→ **What is needed**:
Return, exactly and in full, the lines of the records below starting at the one with "全てのセットに 持ち運びに便利な収納袋付き。" and ending at the one with "Kørsel i biler befordringsfradrag", and no other lines.

→ **Available data**:
== Segment start ==

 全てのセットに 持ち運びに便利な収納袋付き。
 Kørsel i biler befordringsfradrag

== Segment end ==
== Segment start ==

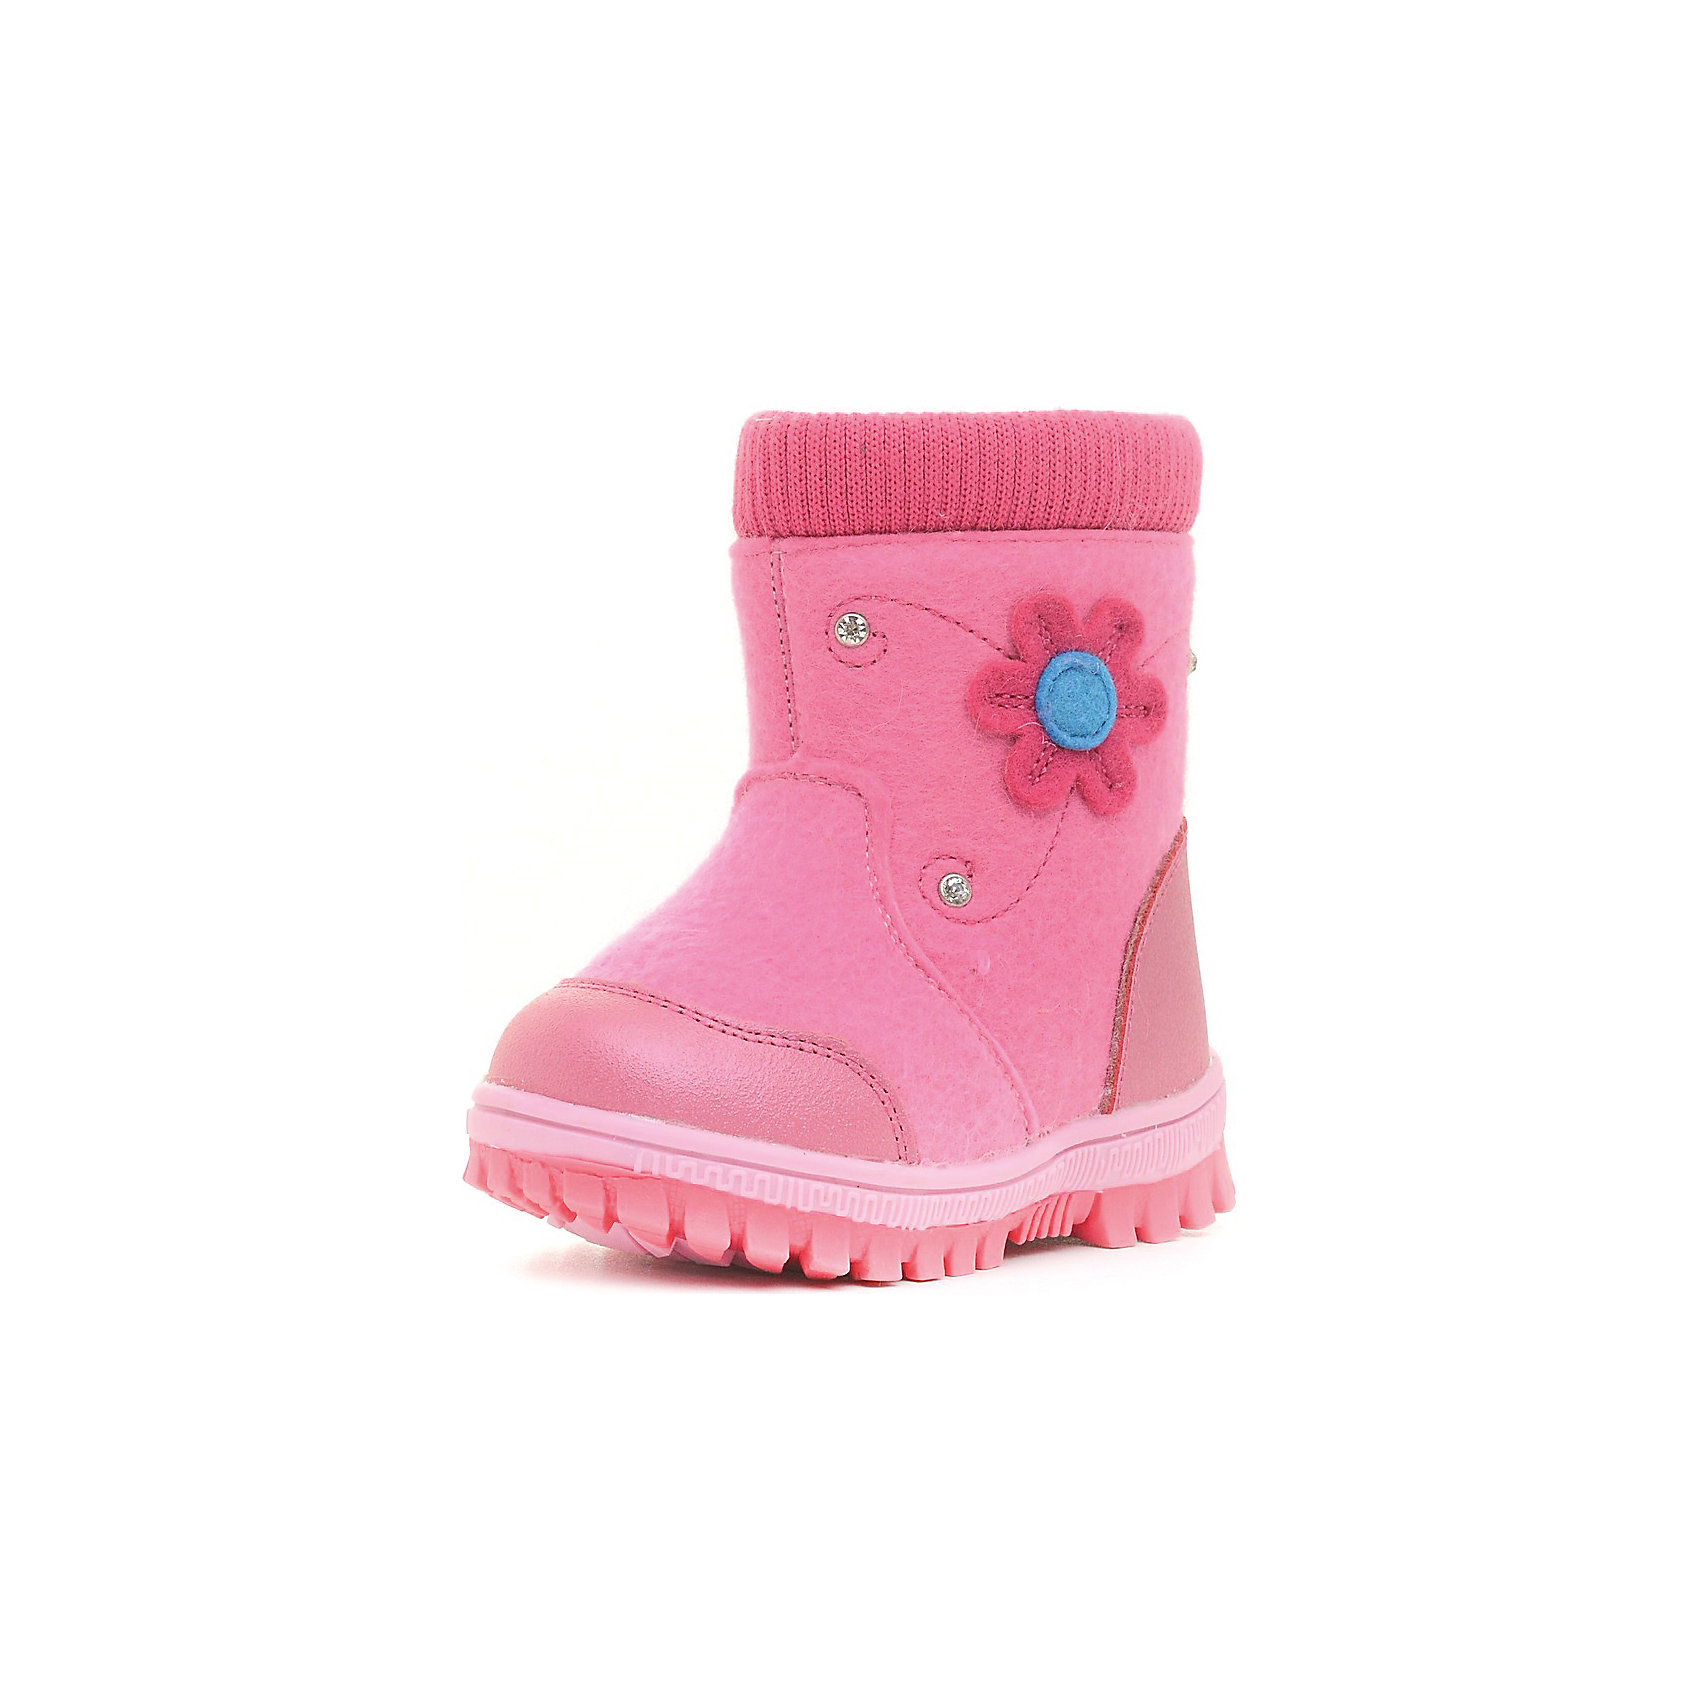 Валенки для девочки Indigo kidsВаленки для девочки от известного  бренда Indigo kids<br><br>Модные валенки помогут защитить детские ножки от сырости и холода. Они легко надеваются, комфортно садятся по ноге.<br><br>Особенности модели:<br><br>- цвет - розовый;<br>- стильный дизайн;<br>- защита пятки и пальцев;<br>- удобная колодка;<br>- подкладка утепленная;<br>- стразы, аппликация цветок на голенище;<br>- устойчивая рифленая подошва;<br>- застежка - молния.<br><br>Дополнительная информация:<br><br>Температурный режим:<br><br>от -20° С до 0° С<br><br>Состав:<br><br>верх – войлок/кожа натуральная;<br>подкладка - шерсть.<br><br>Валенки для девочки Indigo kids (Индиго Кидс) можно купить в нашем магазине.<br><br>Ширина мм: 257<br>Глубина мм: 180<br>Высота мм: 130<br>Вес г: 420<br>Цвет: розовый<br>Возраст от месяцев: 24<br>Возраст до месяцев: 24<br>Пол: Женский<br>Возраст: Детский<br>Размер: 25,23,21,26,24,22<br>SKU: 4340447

== Segment end ==
== Segment start ==

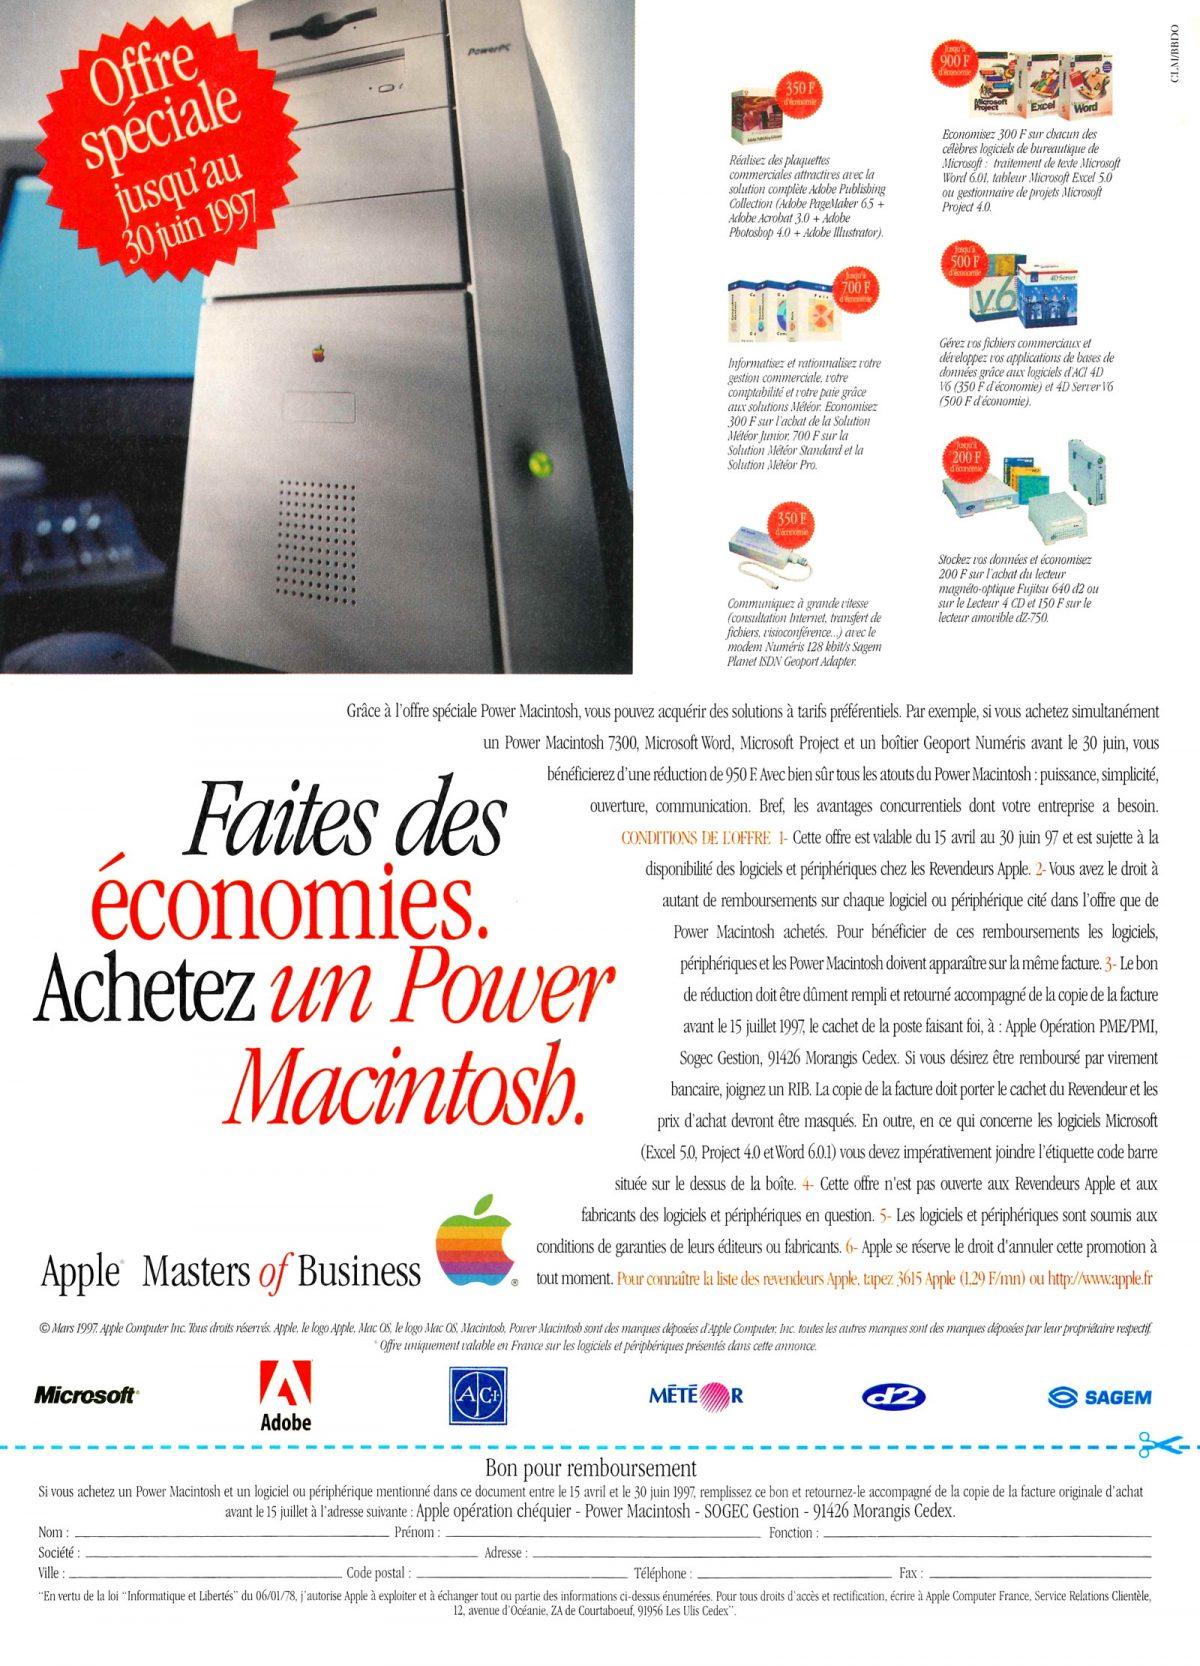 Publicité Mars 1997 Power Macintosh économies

== Segment end ==

→ **Answer space**:
 全てのセットに 持ち運びに便利な収納袋付き。
 Kørsel i biler befordringsfradrag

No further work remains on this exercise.